Argentina pierde más de 430 mil turistas extranjeros durante el primer semestre de 2026
Informes oficiales del INDEC revelan que Argentina recibió 3.115.089 turistas extranjeros en el primer semestre de 2026, lo que representa una caída de más de 430.000 visitantes en comparación con el mismo periodo de 2023
El sector turístico en Argentina atraviesa un profundo retroceso estructural reflejado en las estadísticas oficiales emitidas por el INDEC para el primer semestre de 2026.
Durante este periodo ingresaron al país 3.115.089 turistas extranjeros, una cifra que contrasta negativamente con los 3.550.175 visitantes registrados en el mismo tramo de 2023, traduciéndose en una pérdida neta superior a los 435.000 viajeros internacionales.
A pesar de que los discursos oficiales han intentado destacar la llegada de 1,4 millones de turistas procedentes de países no limítrofes, el análisis consolidado de las fronteras evidencia un desplome global sostenido por la pérdida de competitividad frente a otros destinos de la región.
La comparación con 2023 expone el contraste con la etapa de reconstrucción posterior a las restricciones globales, cuando la articulación público-privada logró reactivar el flujo de visitantes de manera transversal. Sin embargo, el escenario actual refleja las consecuencias del complejo contexto económico de 2024 y 2025, un bienio caracterizado por la pérdida constante de mercados regionales.
Aunque se argumenta un impacto positivo a partir de la desregulación de políticas aeronáuticas, la balanza comercial turística continúa en niveles deficitarios debido a que la salida de residentes argentinos al exterior supera el ingreso de divisas extranjeras.

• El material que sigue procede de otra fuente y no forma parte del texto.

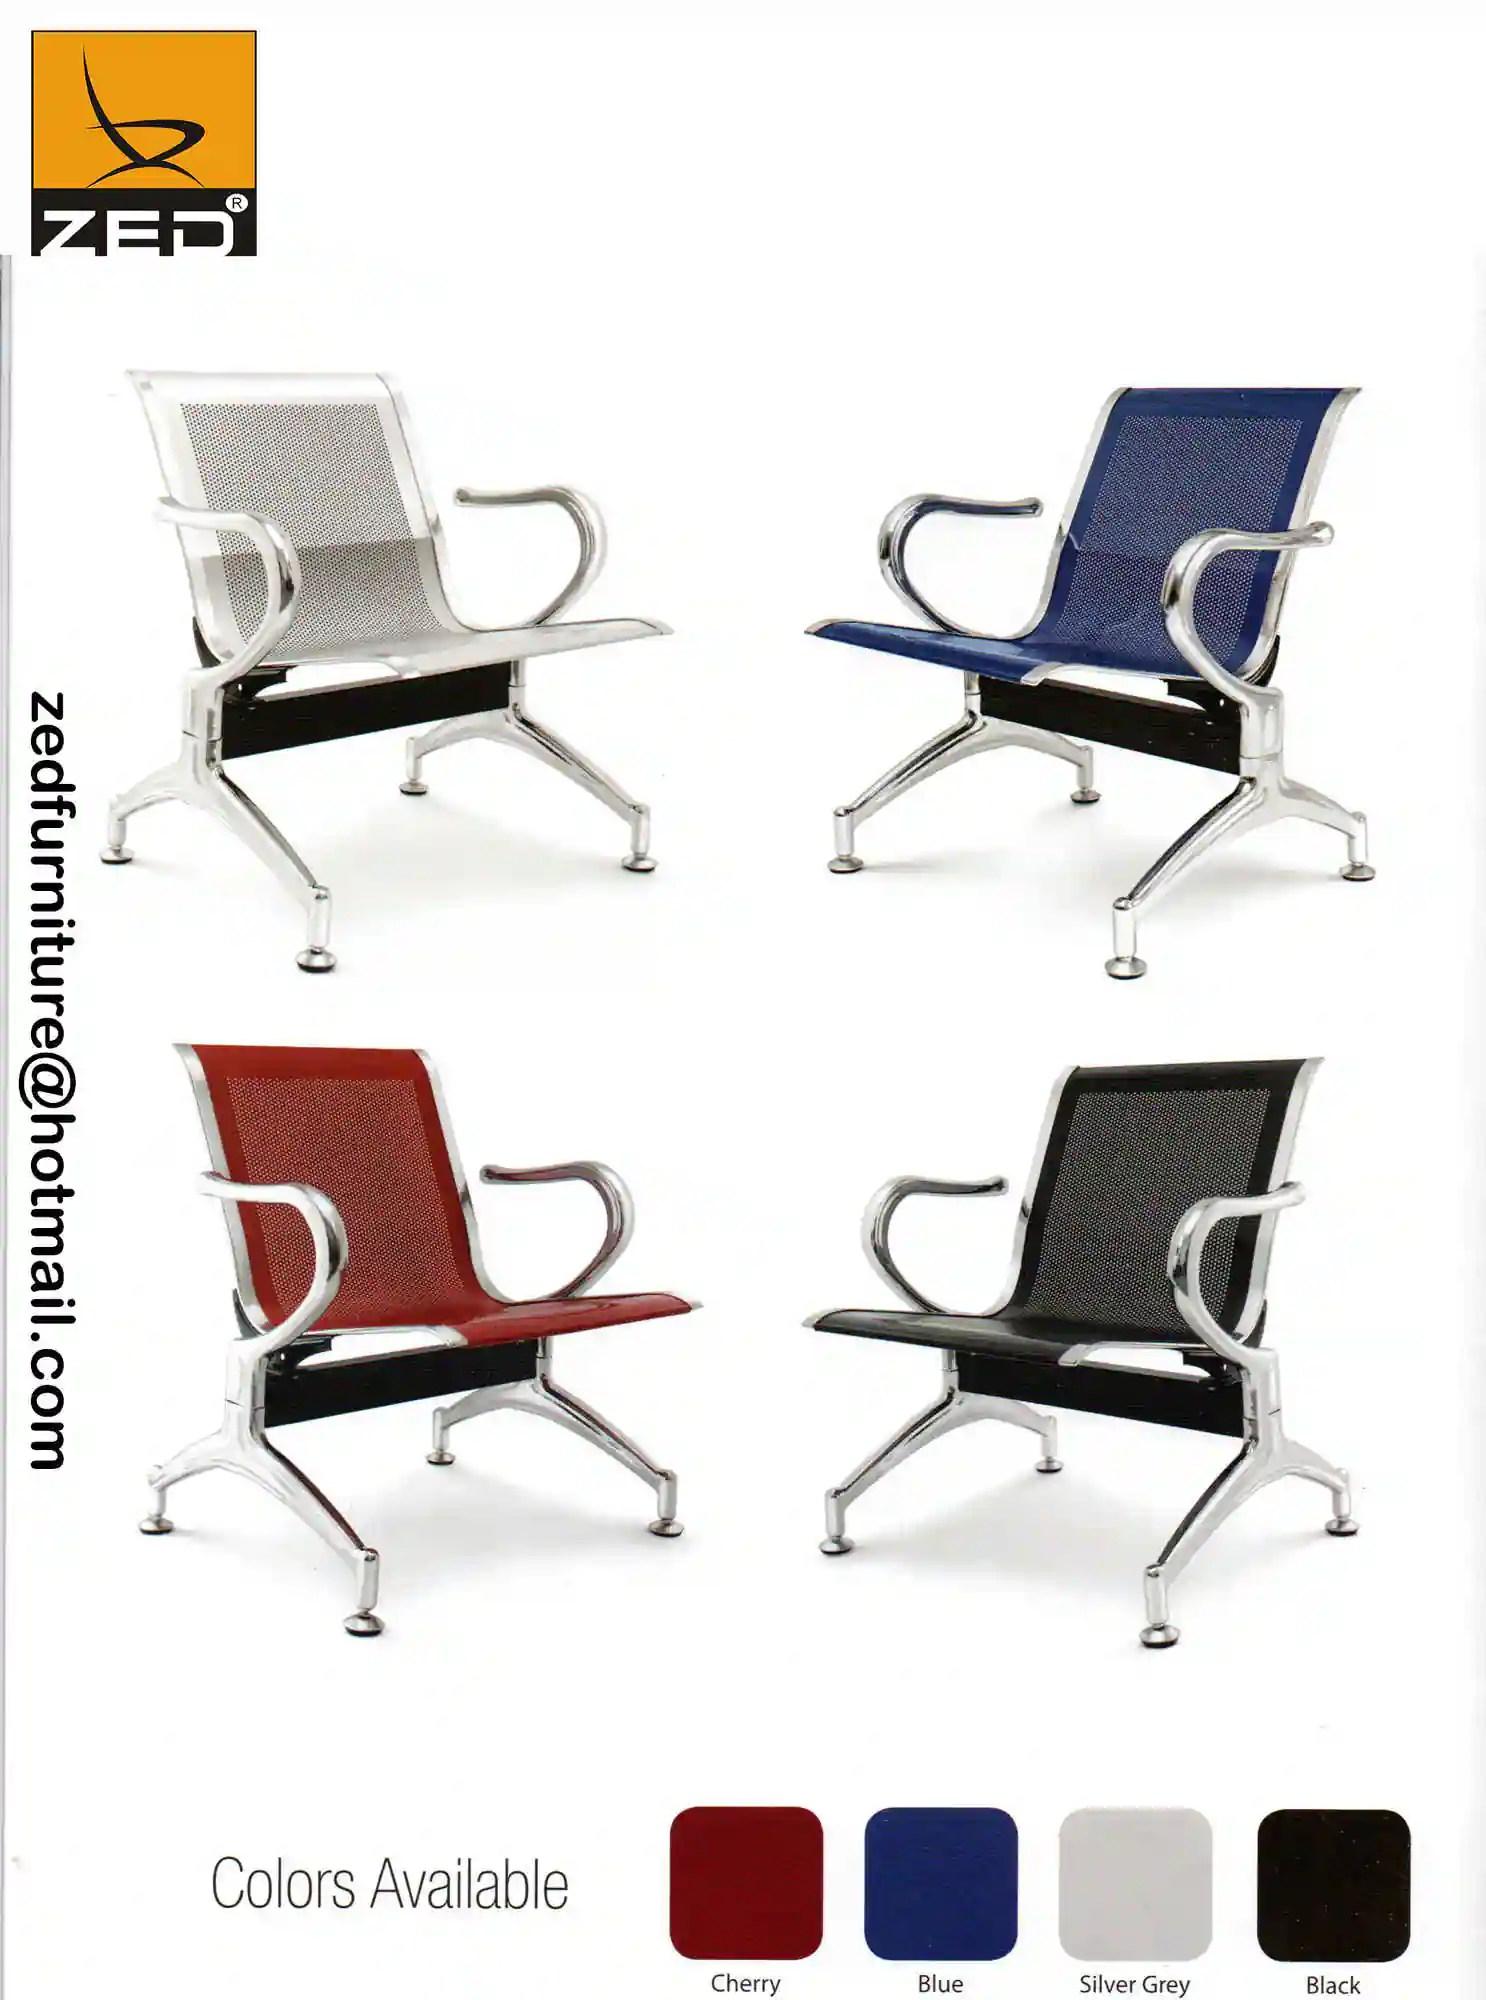 revolving chair in vadodara kitchen step stool zed furniture industries makarpura industrial estate manufacturers justdial

Falta de promoción internacional y crisis del mercado interno
A la merma en la competitividad económica se aúna una deficiente presencia institucional en los principales mercados emisores globales. El recorte de fondos y la desarticulación de las políticas de promoción exterior han dejado al país fuera del radar internacional, situación evidenciada en ferias del sector marcadas por delegaciones descoordinadas y escasa presencia institucional.
Este panorama de caída en el turismo receptivo se complementa con una crisis en el mercado doméstico, donde el turismo interno sufre los efectos de la contracción en el poder adquisitivo de los salarios y la supresión de programas estatales de estímulo. Las familias argentinas han debido recortar sus presupuestos de recreación, dejando a los destinos tradicionales con baja ocupación hotelera y obligando a las economías regionales a enfrentar un escenario de marcada vulnerabilidad.